Nothing but Net(s): Distributing Insecticide-Treated Nets at Scale in Togo

By Caitlin Gruer
August 30, 2016

Insecticide-treated bed nets are proven to prevent malaria-related morbidity and mortality.

In addition to directly protecting those who use nets, there is evidence that they also act as protectors for the community at large. Because of this, insecticide-treated nets – or “ITNs” – play a critical role in the fight against the disease. 

Different countries utilize varying strategies to deliver ITNs at scale. The most common include: continuous delivery of partially subsidized ITNs through the health sector and private sector; continuous delivery of free ITNs at antenatal care clinics; one time distribution of free ITNs during a standalone ITN campaign; and one-time distribution of free ITNs during integrated health campaigns.  Most of these strategies target children under the age of 5 and/or pregnant women as these populations face the greatest risks of malaria.  While each strategy has its pros and cons, the World Health Organization (WHO) found that, in general, time-limited delivery strategies were more equitable and pro-poor.

Togo is one of the countries that has implemented time-limited distribution campaigns for ITNs. In fact, Togo was the first country in Sub-Saharan Africa to implement an integrated health campaign that included ITNs. 

In 2004, Togo began implementing integrated child campaigns, incorporating ITNs to combat the leading causes of childhood mortality.  However, the integrated campaigns in 2004 and 2008 only targeted children under the age of 5.  In 2011, the country began to implement integrated health campaigns that target universal ITN coverage at the national level. 

The 2011 campaign incorporated mass drug administration against three neglected tropical diseases: onchocerciassis, schistosomiasis, and soil-transmitted helmithiasis, which are all variations of parasitic worms. The campaign included administration of Vitamin A and three anti-parasitic drugs. 

The final component of the campaign was ITN distribution.

This is where Plan International stepped in.

With support from the Global Fund, Plan worked with the government of Togo and other partners to organize ITN distribution.  The campaign aimed to achieve universal ITN coverage, which is defined as one ITN for every 1.8 people.
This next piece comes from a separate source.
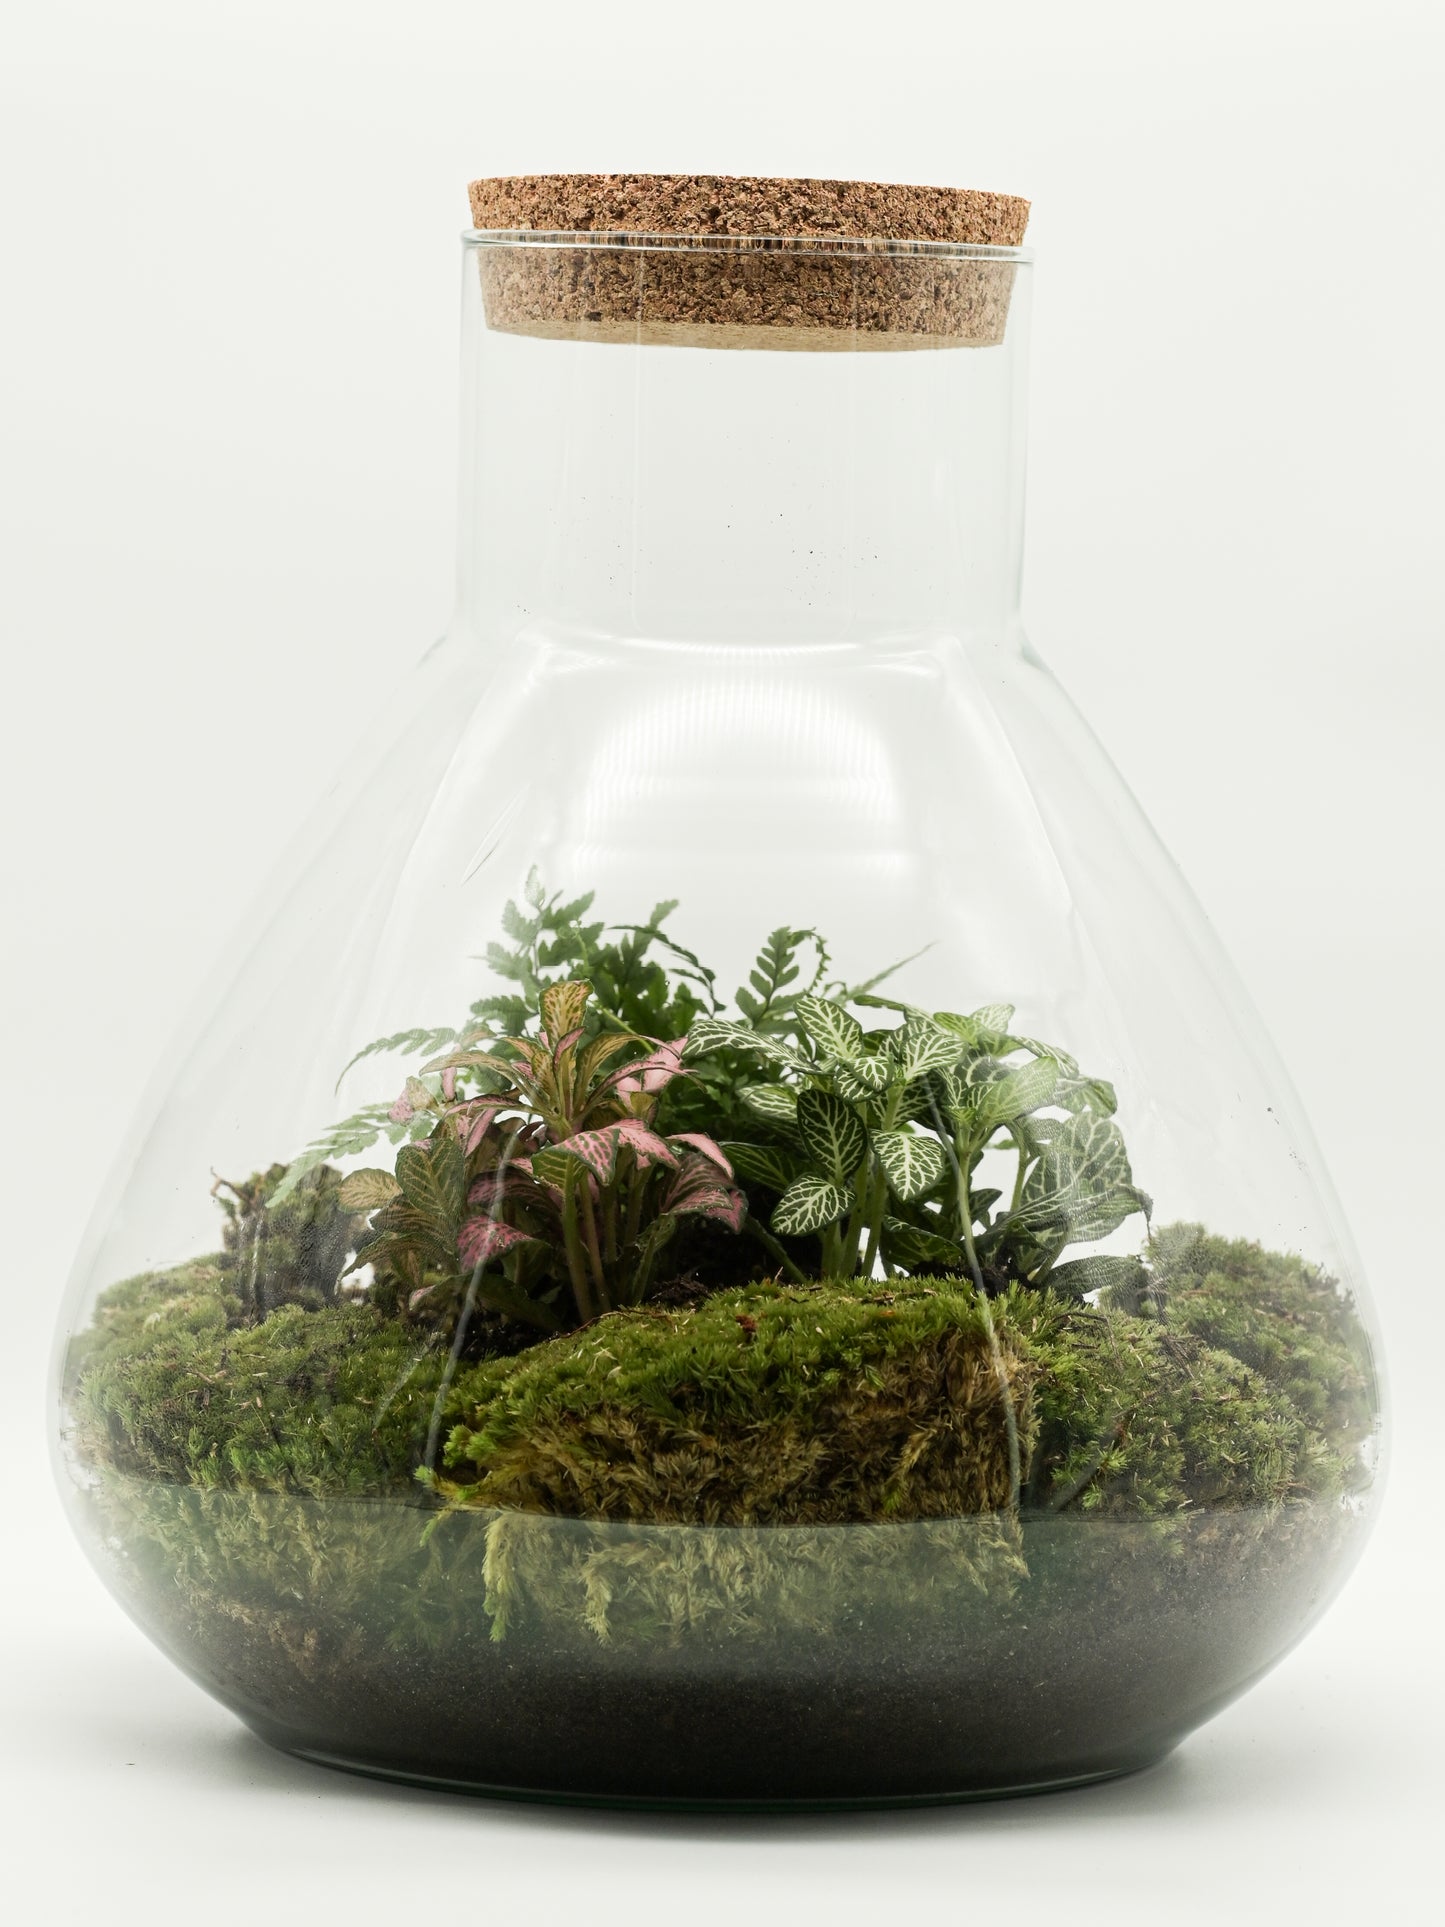 Flaschengarten "Elly XL" Jungle Set - Pflanzen Ökosystem im Glas ↥35 cm / ⌀29 cm

Although the distribution was an overall success, the large-scale operation presented a number of challenges. To learn about these challenges, we talked with Thidiane Ndoye, who oversaw the project from the Plan office.*

Some of the key project challenges included:

  • Logistics:  Distributing bed nets to all households on a national level is a huge undertaking, and ensuring that the proper number of bed nets are procured, delivered, and distributed to the right locations takes careful planning. In Togo, the sheer number of bed posed a problem due to the size of the port.  The ships delivering the ITNs were delayed for weeks because they had to wait offshore until there was room to dock at the port. Similarly, once the ITNs were offloaded onto the trucks headed for the district warehouses, the vehicles had to wait days to be able to leave the port as a result of massive freight unloading congestion. 
  • Integration: Because the bed net distribution was one part of a larger integrated health campaign led by the government of Togo, there were many stakeholders involved in the process.  Plan had to work closely with the Ministry of Health, a network of community health workers, the private sector, and other partners to implement this initiative.  While this broad buy-in and involvement allows for a successful, comprehensive campaign, the transaction costs associated with building a multi-stakeholder delivery system are high and necessitate strong coordination and aligned incentives.
  • Ownership: Plan implemented this distribution through, and with, existing in-country structures.  While Plan oversaw the process—including inventorying and shipping the ITNs and training stakeholders— local partners (including the health facility staff, MoH staff, and community health workers) were responsible for the actual distribution.  This strategy not only provided the necessary manpower for large scale implementation, but also ensured local ownership in the process.  However, despite these benefits, the approach did pose some challenges. 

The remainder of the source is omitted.